Focusing on the nomogram’s performance, patients in the predicted CR/PR group had a significantly longer median OS than those in the predicted SD/PD group in the training cohort (42.37 vs 10.79 months; P<0.001). This robust prognostic stratification was consistently validated in the internal validation cohort (median OS: 33.55 vs 18.98 months; P=0.003) and the external validation cohort, where the median OS for the predicted CR/PR group was not reached, while it was 11.23 months for the predicted SD/PD group (P=0.011).
Discussion
In recent years, DEB-TACE has increasingly been applied for treatment of unresectable HCC due to enhanced drug delivery to tumors.10 The efficacy of DEB-TACE varied considerably among HCC patients because of the heterogeneity in tumor burden and characteristics.5 In this study, a novel nomogram integrating maximum tumor diameter, tumor capsule status, and Radscore was constructed to predict tumor response to DEB-TACE in HCC patients. This nomogram exhibited excellent predictive performance in both the training and validation cohorts with the highest AUC compared with other models, and it also showed good calibration and significant clinical net benefit. In addition, an online interactive nomogram tool was developed based on this model, enabling rapid preoperative assessment and facilitating direct application by clinicians.
BCLC, CNLC, and mHAP-II are three classic staging/scoring systems commonly used for HCC assessment, but they have inherent limitations in predicting DEB-TACE efficacy. Notably, these three models differ significantly in their study populations: BCLC staging and mHAP-II scoring are mainly constructed based on Western populations, where HCC is predominantly caused by alcoholic liver disease and hepatitis C virus infection; in contrast, CNLC staging, independently developed in China, is specifically designed for HCC related to hepatitis B virus infection.11,12 Regardless of their population differences, all three models are not optimized for DEB-TACE and lack radiomics information that can reflect the microscopic heterogeneity of tumors, which limits their predictive performance. The nomogram developed in this study offers several distinct advantages. First, it incorporates radiomics features to quantify tumor microscopic heterogeneity, thereby addressing a critical limitation of conventional staging and scoring systems that rely solely on macroscopic clinical parameters. Quantitative comparisons demonstrated that the nomogram achieved higher AUC values than the three classical models across all cohorts. Second, the study cohort comprised patients with diverse etiologies from multiple medical centers, which confers robust generalizability to the model. This nomogram is applicable not only for predicting tumor response to DEB-TACE, but also for risk stratification in patients undergoing alternative treatment regimens, thereby informing personalized therapeutic strategies. Finally, to ensure pre-treatment applicability, operative parameters such as DEB size and loaded drug were deliberately excluded from the model, enabling evaluation prior to intervention.
Multivariate logistic regression analysis revealed that tumor diameter >5 cm and absence of tumor capsule were independent risk factors for failure to achieve ORR following DEB-TACE. Tumor size is a well-established prognostic indicator for HCC, reflecting tumor burden and incorporated into various staging systems.13,14 In the management of large tumors, the efficacy of DEB-TACE may be constrained. Alan et al found that the objective response rate of DEB-TACE exhibited a significant decline when the tumor diameter exceeded 7 cm, potentially attributable to incomplete embolization or the formation of collateral vessels15 Furthermore, maximal tumor diameter has been identified as a critical determinant of both tumor response and survival in patients with large HCC undergoing DEB-TACE.5 These findings suggested that DEB-TACE remains effective for small tumors, and its efficacy may not be as pronounced as it is for large tumors. A significant correlation between the presence of tumor capsule and the tumor response rate following DEB-TACE treatment has been identified.16 Moreover, the tumor capsule may impact tumor progression and survival.
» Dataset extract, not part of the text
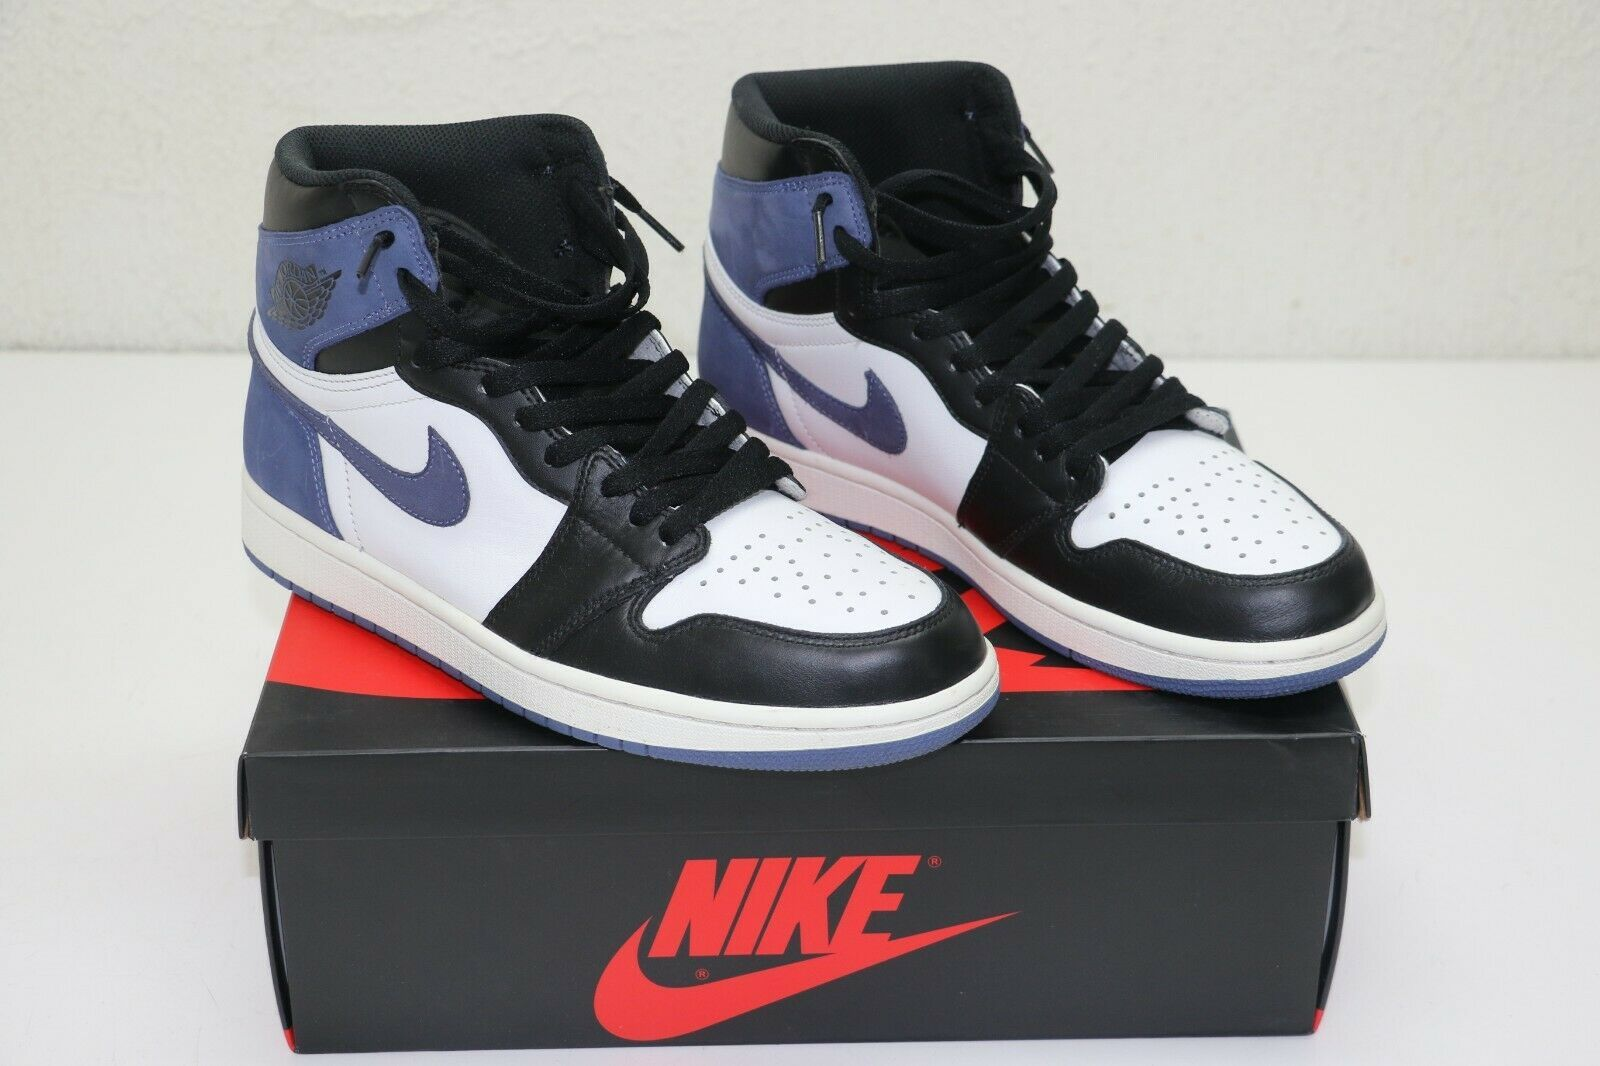 Nike Air Jordan 1 Retro Blue Moon Style 555088 115 Size 9 5

Research has demonstrated that the presence of a tumor capsule was associated with extended progression-free survival (PFS), potentially due to the capsule as a barrier to limit the metastasis of tumor cells so as to inhibit tumor progression.17
In recent years, radiomics analysis has garnered increased attention for its pivotal role in providing critical insights into tumor diagnosis, treatment guidance and efficacy and prognosis assessment, with a multitude of quantitative features from imaging data.18–20 Furthermore, the integration of clinical and radiological features enabled the development of comprehensive predictive models to improve the precision of predictions. Specifically, radiomics analysis has been applied to forecast the outcomes of DEB-TACE by preoperative CT or magnetic resonance imaging (MRI).21,22 One study proposed a model, based on preoperative CT features of 50 patients, effectively predicted the response and survival outcomes of patients with HCC after DEB-TACE treatment without external validation cohort. In the present study, however, there were 268 and 67 patients as the training cohort, internal validation and external validation cohorts, respectively.23 Furthermore, another study developed a predictive model for tumor response in HCC patients after TACE through the analysis of preoperative MRI images, which exhibited strong predictive capabilities in both training and validation cohorts.7 The treatment in above study did not yet distinguish between cTACE and DEB-TACE.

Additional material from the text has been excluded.